Katsuhiko Nishiwaki

Development trends of power semiconductors for hybrid vehicles

In the environmentally-friendly vehicles that are powered by electric motors, as represented by hybrid vehicles (HVs), enhancing the performance and reducing the size of the power semiconductors are becoming essential for vehicles to achieve low-fuel consumption and high-power performance. This is also the case for HV systems to facilitate adoption in multiple vehicle models. This paper looks back on the development of these power semiconductors up to the present in response to the advancement of HVs. It also surveys the future trends in power semiconductor development toward achieving the ultimate-eco vehicle.

A fast and soft recovery diode with ultra small Qrr (USQ-Diode) using local lifetime control by He ion irradiation

This paper presents an ultra small reverse recovery charge Qrr diode (USQ-Diode) for Insulated Gate Bipolar Transistor (IGBT) modules. The USQ-Diode has a thin p-layer anode with low impurity concentrations, p+ stripe anodes, and lifetime control by He ion irradiation. By employing the thin p-layer anode, the injection of holes into the n-layer as minority carriers was significantly reduced near the pn junction. By using the He ion irradiation, crystal defects for lifetime control were localized near the pn junction. With the combined effects from both the reduced injection of holes and the local lifetime control by the He ion irradiation, as compared to the conventional pn diode, the USQ-Diode realized such superior characteristics as 1/5 times smaller reverse recovery charge and 0.2 V lower forward voltage drop.

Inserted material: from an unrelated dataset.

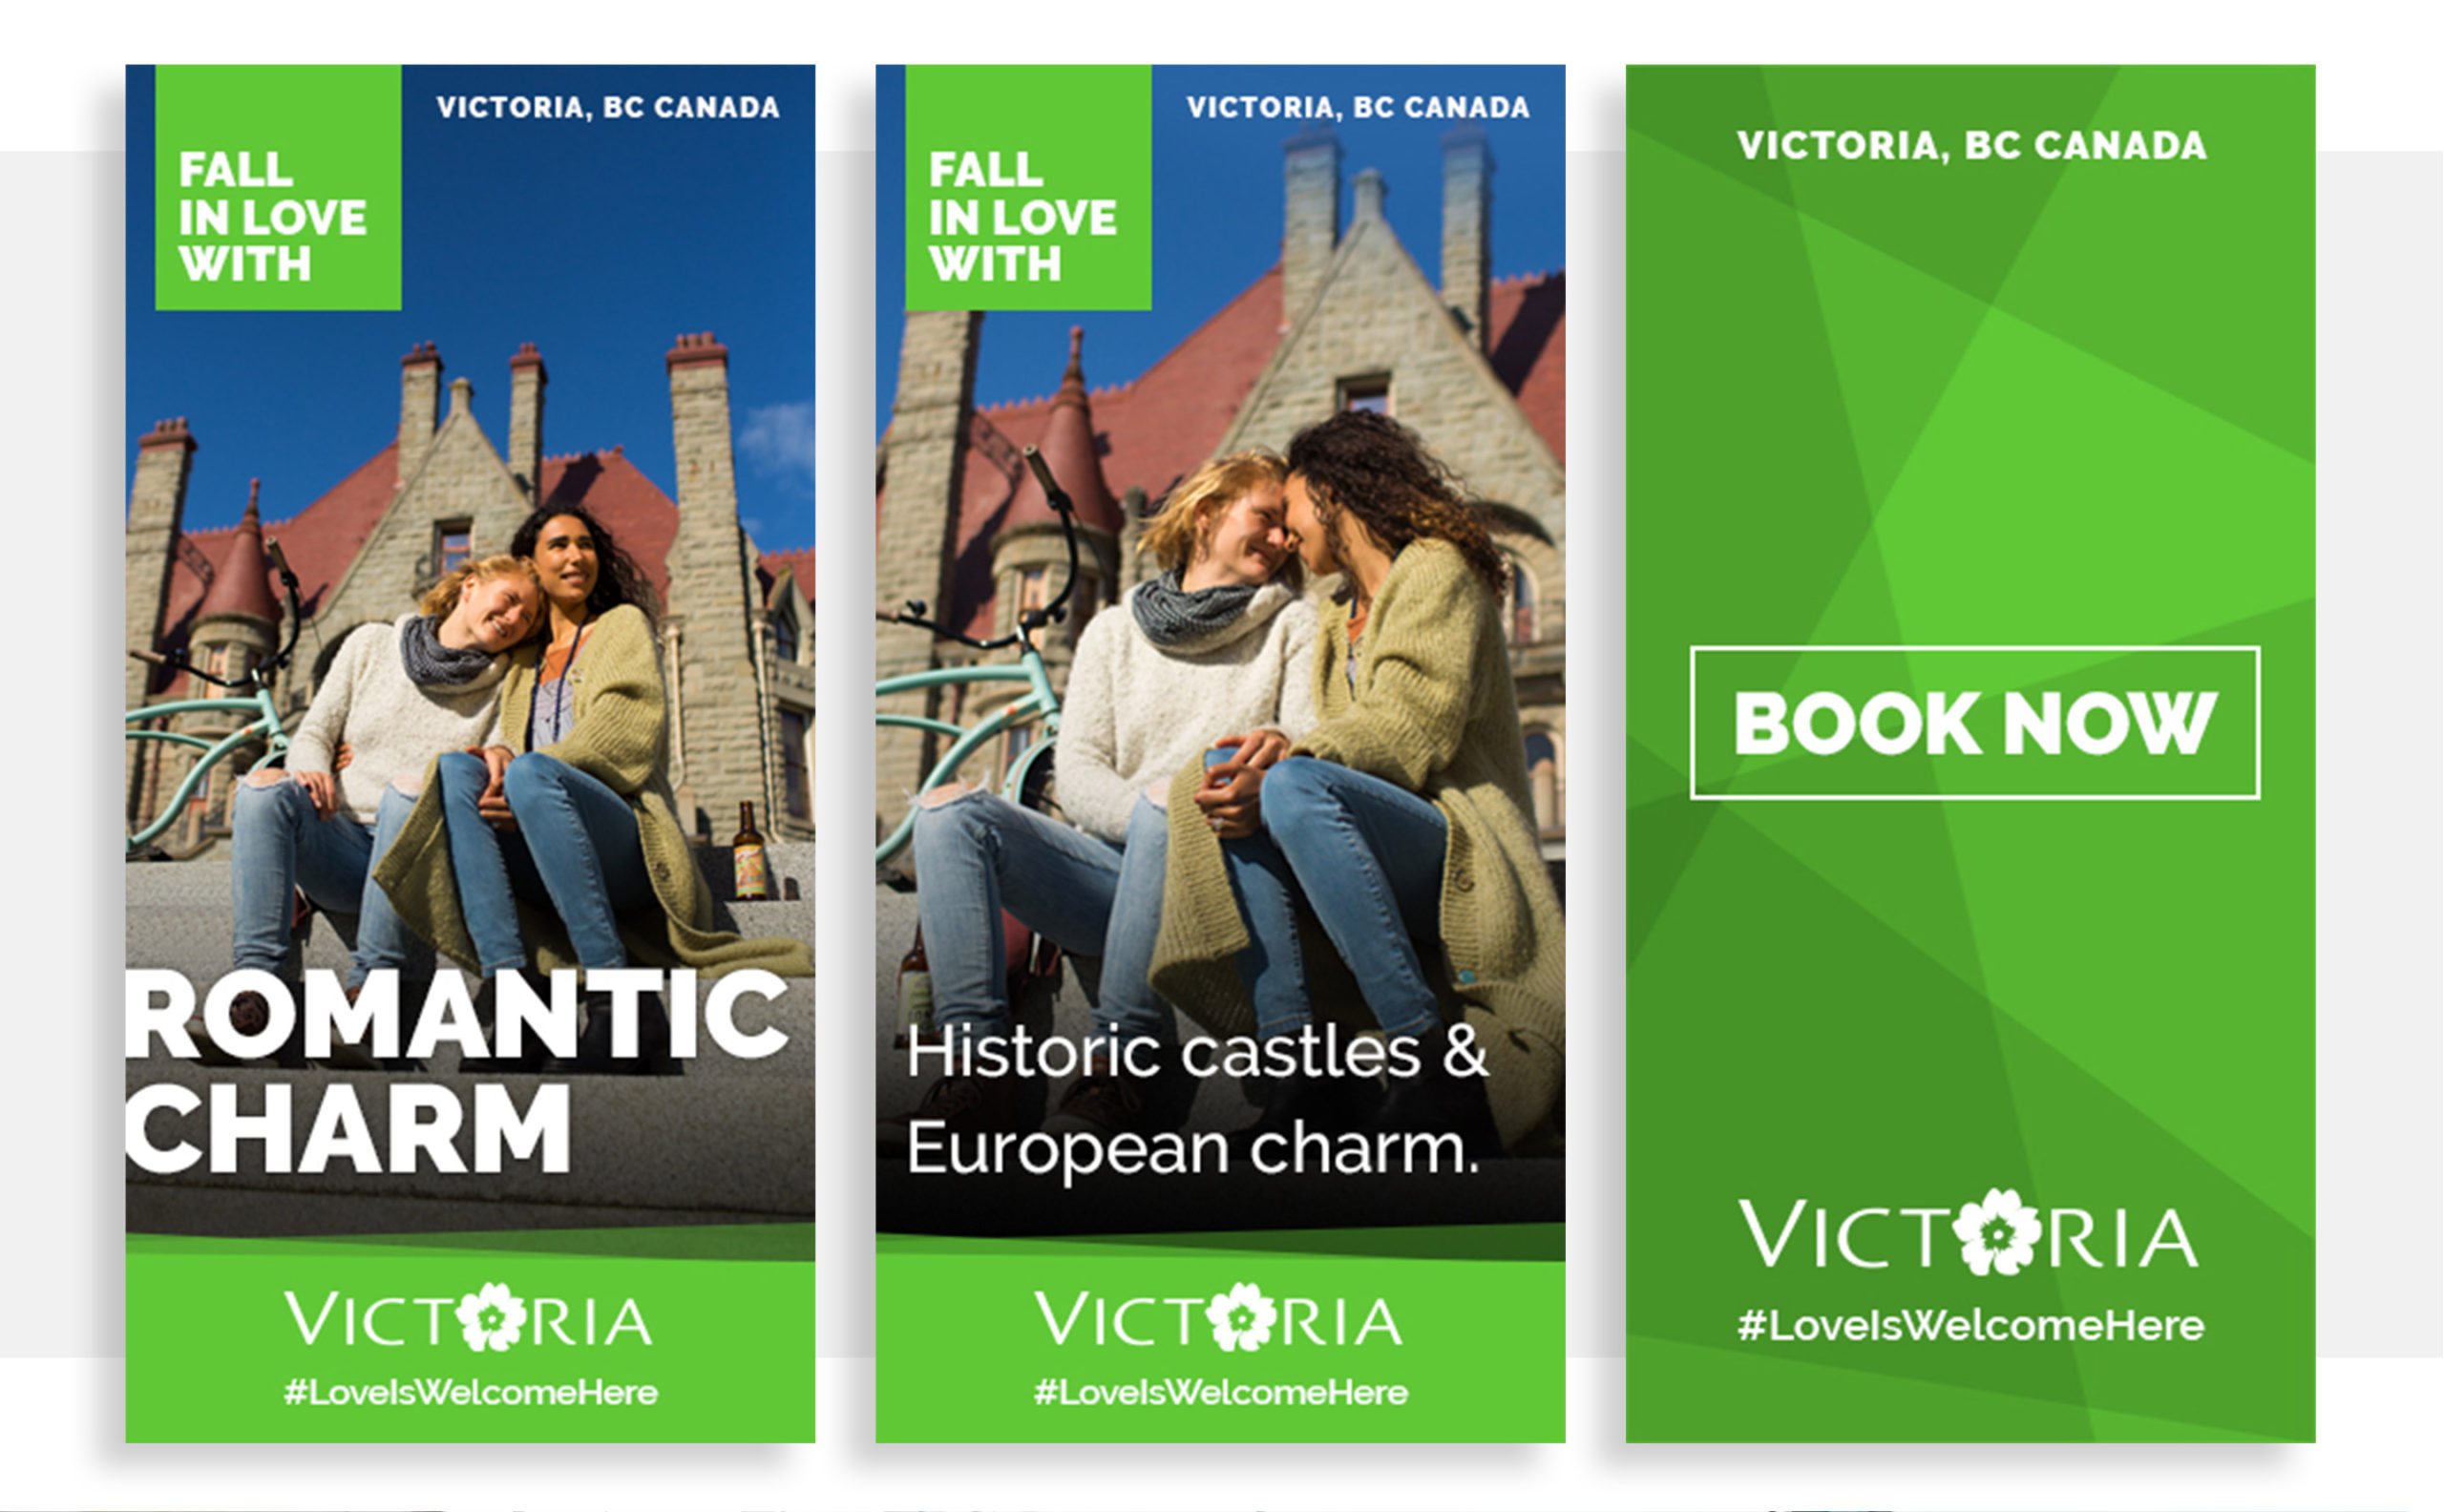 tourism victoria advertising

Analysis of Dynamic Avalanche Phenomenon of PiN Diode Using He Ion Irradiation

The purpose of this paper is to analyze the dynamic avalanche phenomenon of conventional PiN diodes using He ion irradiation. In conventional PiN diodes, the avalanche occurs during reverse recovery operation under high voltage and low temperature conditions, resulting in two peaks and high frequency oscillation in the recovery current. The two peaks in the current were reproduced by a simulation that introduces hole trap levels. It was also confirmed that the phenomenon can be suppressed by lowering the density of the trap levels or the minority carrier lifetime of the bulk wafer

A study of correlation between CiOi defects and dynamic avalanche phenomenon of PiN diode using He ion irradiation

Our previous research has shown that dynamic avalanche phenomenon is related to the hole trap level that is induced at an energy level of Ev+0.35 eV. In this study we will describe how we used the DLTS (deep level transient spectroscopy) method and CL (cathode luminescence) method to identify that the defects which form the hole trap level are in fact CiOi that is present in the Si wafer. We fabricated diodes using wafers with different amounts of CiOi, and conducted tests for the occurrence of the dynamic avalanche phenomenon. The results verified that the dynamic avalanche phenomenon occurs in diodes with large amounts of CiOi. By controlling the impurities in the Si wafer, we were able to improve the diode characteristics and suppress oscillation of the IGBT module current and voltage waveforms, reducing switching loss.

Investigation of Dynamic Avalanche in the Termination Region for FWDs with High Reverse Recovery Capability

This study investigated the destruction of FWDs in the termination region during reverse recovery, with the aim of enabling the fabrication of FWDs with a high current density and high reverse recovery capability. An investigation carried out by device simulation clarified that a high hole current in the termination region during reverse recovery leads to a dynamic avalanche, which may result in the destruction of the FWD. This study also demonstrated that FWDs fabricated using two concepts based on this understanding have a high current density and high reverse recovery capability without sacrificing basic characteristics.

A PT-IGBT with a p-/n+ buffer layer

A novel punch-through insulated gate bipolar transistor with a p-/n+ buffer layer was proposed to improve the characteristics of conventional high power IGBT used in motor control inverters at high voltages operation. The new structure with p-floating layer inserted between n- epi and n+ buffer layer shows higher breakdown voltage than that of conventional IGBT structures. We also demonstrate, for the first time, the performance of 900V-200A class IGBTs using this p- floating/n+ buffer structure. As a result of the measurements, the IGBT proposed here shows an on-state voltage of 1.9V at 250A/cm/sup 2/ and the fall time of 350 nsec.